WebSocket Compression

WebSocket already has hugely lower overhead than HTTP, Comet or REST based solutions.

On the other hand, WAMP, the application protocol used by Crossbar.io uses JSON or MsgPack for serialization, and that still has significant potential for compression (in particular JSON).

The WebSocket protocol allows for extensions, and with permessage-deflate,

there is an upcoming compression extension for WebSocket.

WebSocket compression compresses the payload of WebSocket messages which can lead to a further reduction of wire level payload by a factor of 2-15x. Here is a good overview article.

WebSocket compression (permessage-deflate) is fully supported by Crossbar.io.

Browser support is coming: Chrome has it since version 32, Firefox will get it.

Activating Compression

Here is how you enable WebSocket compression in Crossbar.io on a WebSocket transport:

{
   "type": "websocket",
   "endpoint": {
      "type": "tcp",
      "port": "9000"
   },
   "url": "ws://localhost:9000",
   "options": {
      "compression": {
         "deflate": {
         }
      }
   }
}

That’s it.

Crossbar.io will now negotiate the permessage-deflate extension with any client connecting during the WebSocket opening handshake.

Compression Options

The compression configuration has a couple of options:

{
   "type": "websocket",
   "endpoint": {
      "type": "tcp",
      "port": "9000"
   },
   "url": "ws://localhost:9000",
   "options": {
      "compression": {
         "deflate": {
            "request_no_context_takeover": true,
            "request_max_window_bits": 12,
            "no_context_takeover": true,
            "max_window_bits": 12,
            "memory_level": 5
         }
      }
   }
}

where

  • request_no_context_takeover: request the client to not takeover compression context from message to message (default: false)

  • request_max_window_bits: request the client to use a maximum compression window size of this many bits. Permissible values are 8 .. 15 (default: 15)

  • no_context_takeover: while sending, do not takeover compression context from message to message (default: false)

  • max_window_bits: while sending, use a maximum compression window size of this many bits. Permissible values are 8 .. 15 (default: 15)

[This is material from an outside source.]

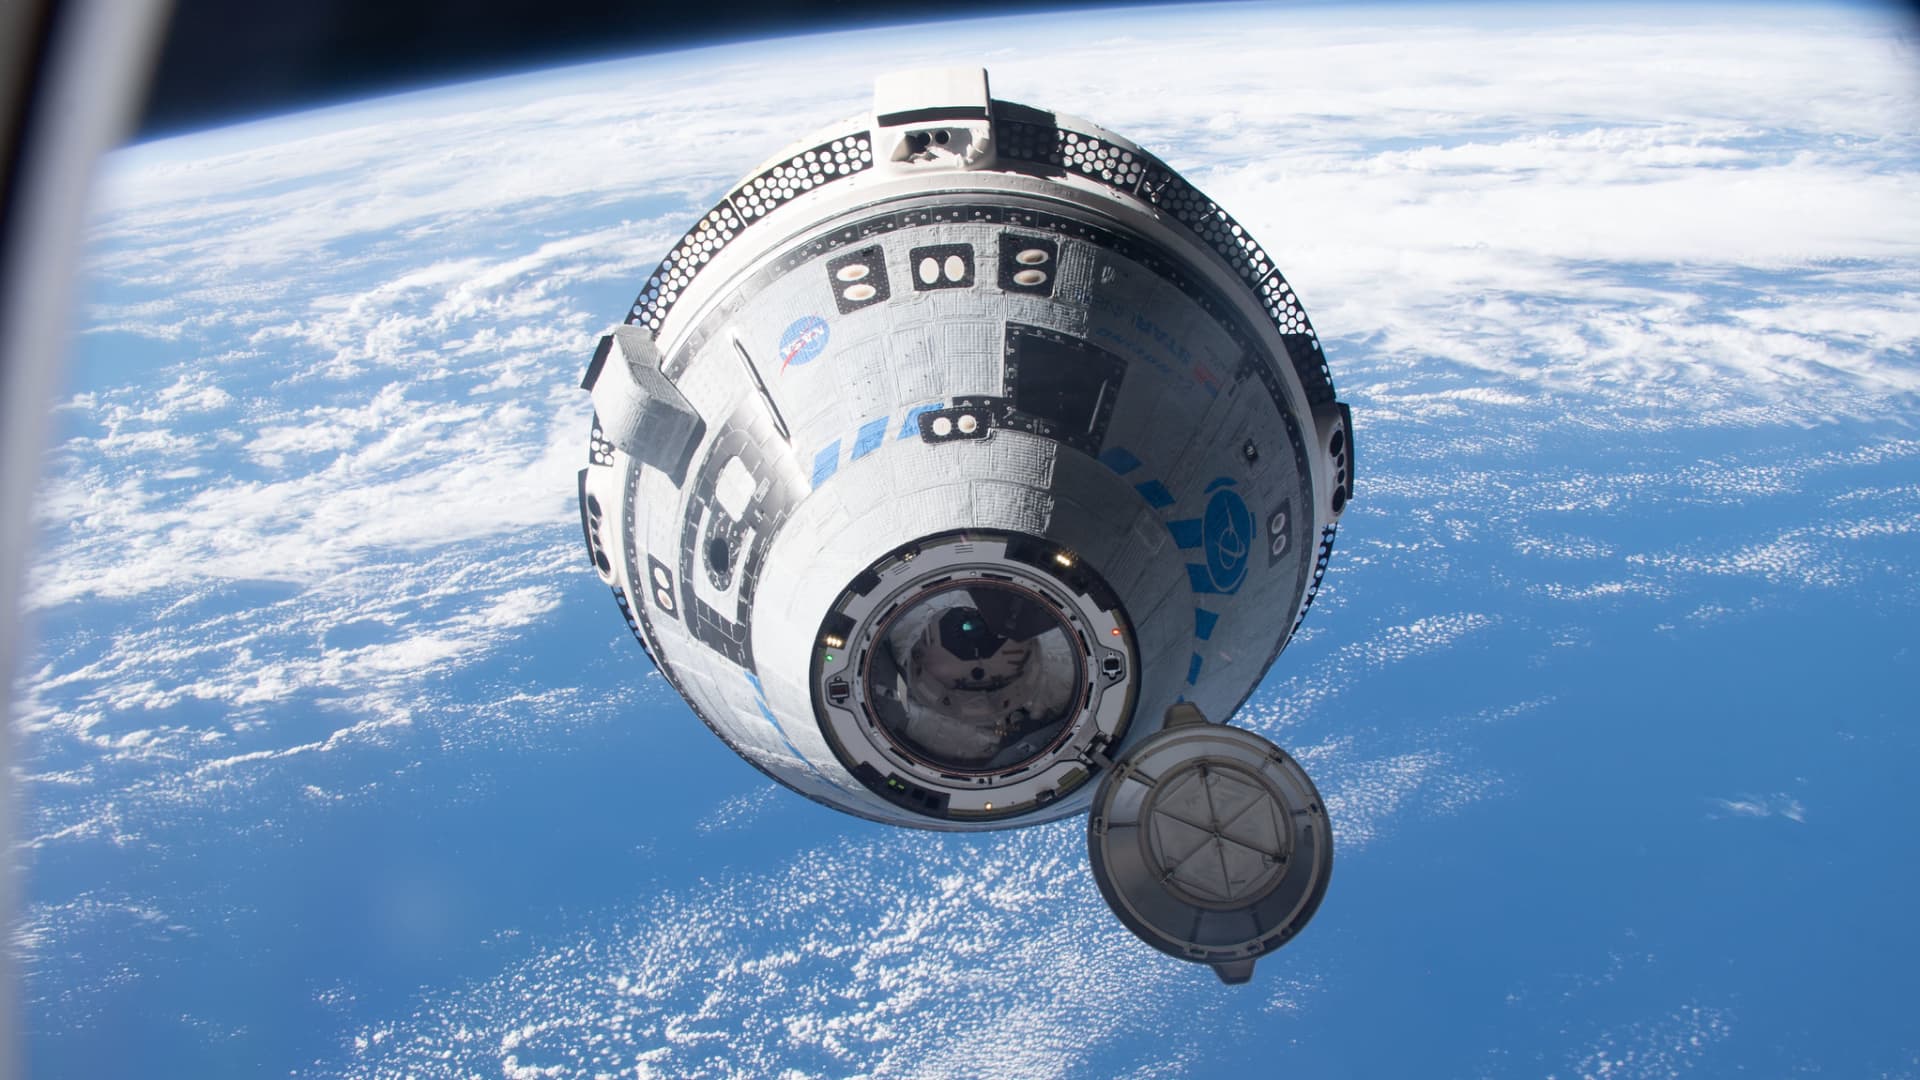 Boeing has lost $1.5 billion developing Starliner spacecraft for NASA

  • memory_level: while sending, limit memory consumption to this level. Permissible values are 1 .. 9 (default: 8)

Production Settings

There is no free lunch. In the context of compression, this translates into a tradeoff between wire-level efficiency (size) versus memory consumed and CPU cycles burned.

With the default settings for compression, each WebSocket connection might additionally consume several hundred kB memory on the server side for keeping compression context etc.

For production, you might want to limit this. Here is what we recommend:

"compression": {
   "deflate": {
      "request_no_context_takeover": false,
      "request_max_window_bits": 11,
      "no_context_takeover": false,
      "max_window_bits": 11,
      "memory_level": 4
   }
}

Note: turning off "context takeover" will severly limit the
usefulness of compression altogether.

Above parameter suggestions are based on expert advice. You can use this tool to test parameter sets yourself.